The existing shell is not bad, but it uses a very simple hand-written parser and lexer and there is no intermediate representation - it just turns the commands directly into programs and jobs. This is unfortunately not very flexible or extendable to adding things like for, which require much more complex parsing (Where the inner parts of the for have to be reevaluated every loop, and for command itself involves multiple commands).
The ending conclusion is likely a completely rewritten parser and lexer, along with a new intermediate representation for commands, which can be used to start/reevaluate commands as necessary. This will largely just be a parse tree, but shell syntax is pretty convoluted so it's not the easiest thing to get right. A bison/flex parser/lexer would be a fun choice, but may not be the easiest thing to parse shell syntax with - a hand-written recursive-decent parser may do a better job. We really only need a bare minimum of functionality though, not a full set of commands, so it may be good enough. The big things I'd like to see support for:

Local shell variables (we only support exported env variables ATM)
Local environment variables for commands (Setting X=Y with a command)
Separating commands with newline or ;
Support for if
Support for for
Support for while
Support for $() command execution
Support for $? and $!
Support for && and ||

OS: Dynamically create the /dev entries at runtime

Currently, all the /dev notes are just statically allocated onto the FS. This isn't terrible, but it does need a lot of updating and isn't the greatest solution. It leads to situations where device nodes might exist that are not necessary (Ex. A node for every possible partition and disk). I think there's two general approachs that we could take:

A devfs approach - there is a kernel-managed file-system which exposes all the device nodes and is mounted on /dev. This advantage of this approach is likely it's simplicity since it would all be entirely in the kernel. The disadvantage of this approach (from my understanding) is that the kernel would either need to handle the permissions and UID/GID assignments, or rely on userspace to correctly redo them at some later point to match the proper groups.
Have a userspace daemon that receives events from the kernel and creates the proper nodes as they come in. The approach leads to less complexity in the kernel, and the userspace daemon can easily handle assigning the correct groups and permissions.

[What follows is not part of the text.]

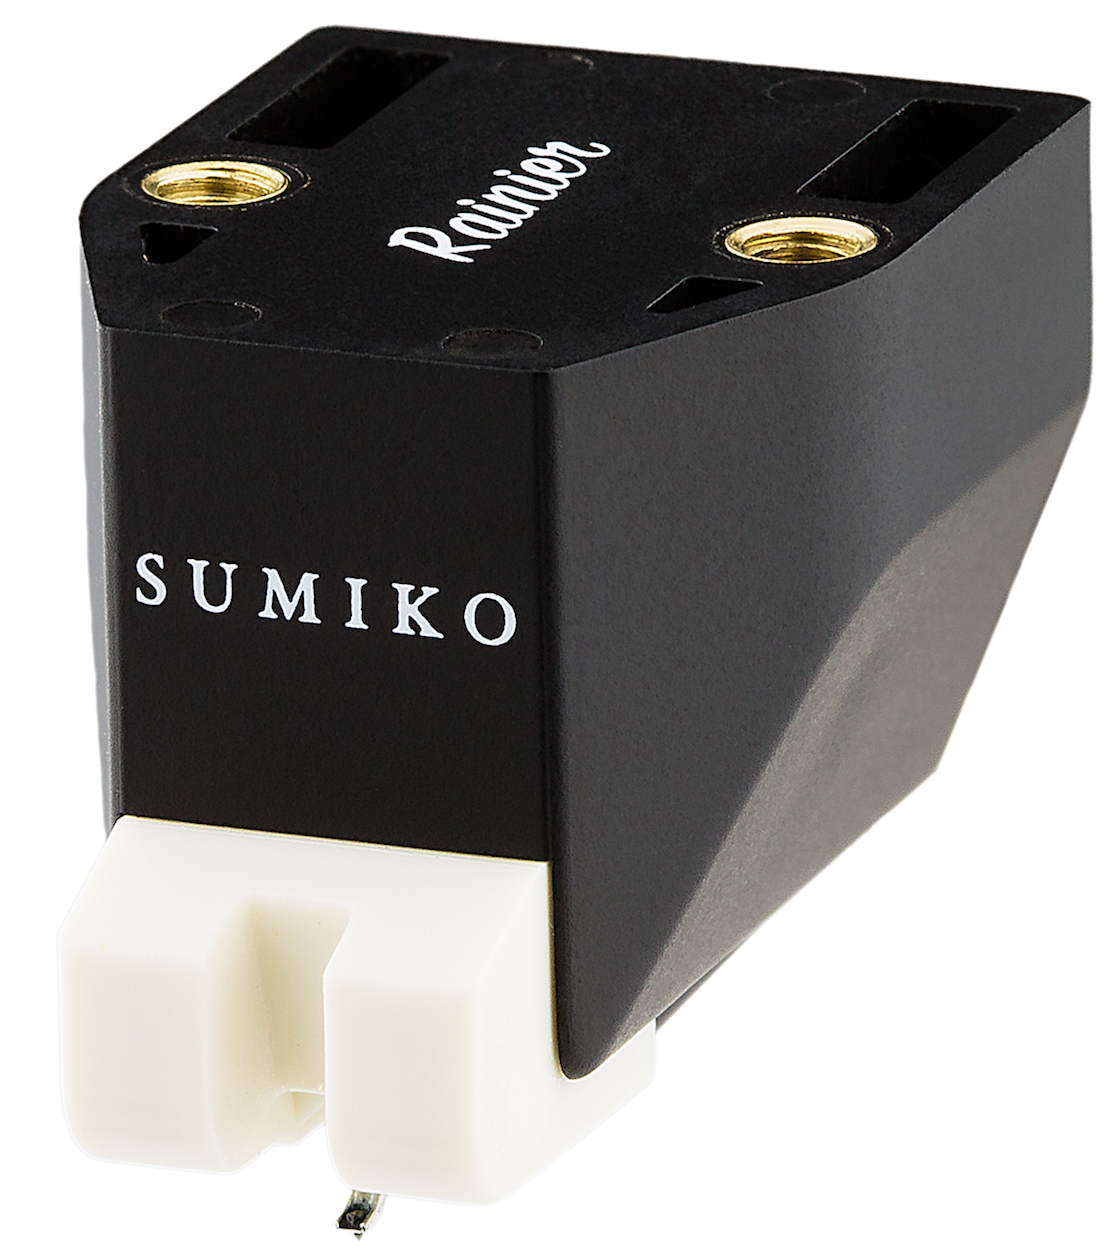 Sumiko Announces 6 New Phono Cartridges

kernel: Add ARM architecture support

I actually attempted this a few years back and did make some small progress. In general, it's definitely possible, and it should uncover a lot of the more "non-portable" things that are currently sitting in the ./src directory, so adding a new architecture should really improve the kernel as a whole.

ARM itself covers a lot of different devices, so starting with generic support isn't really realistic. That said, the Raspberry Pi (either one version, or all of them) seems to be a good choice of device to focus on first - real hardware is easy to get, and qemu offers built-in support for emulating those devices in particular.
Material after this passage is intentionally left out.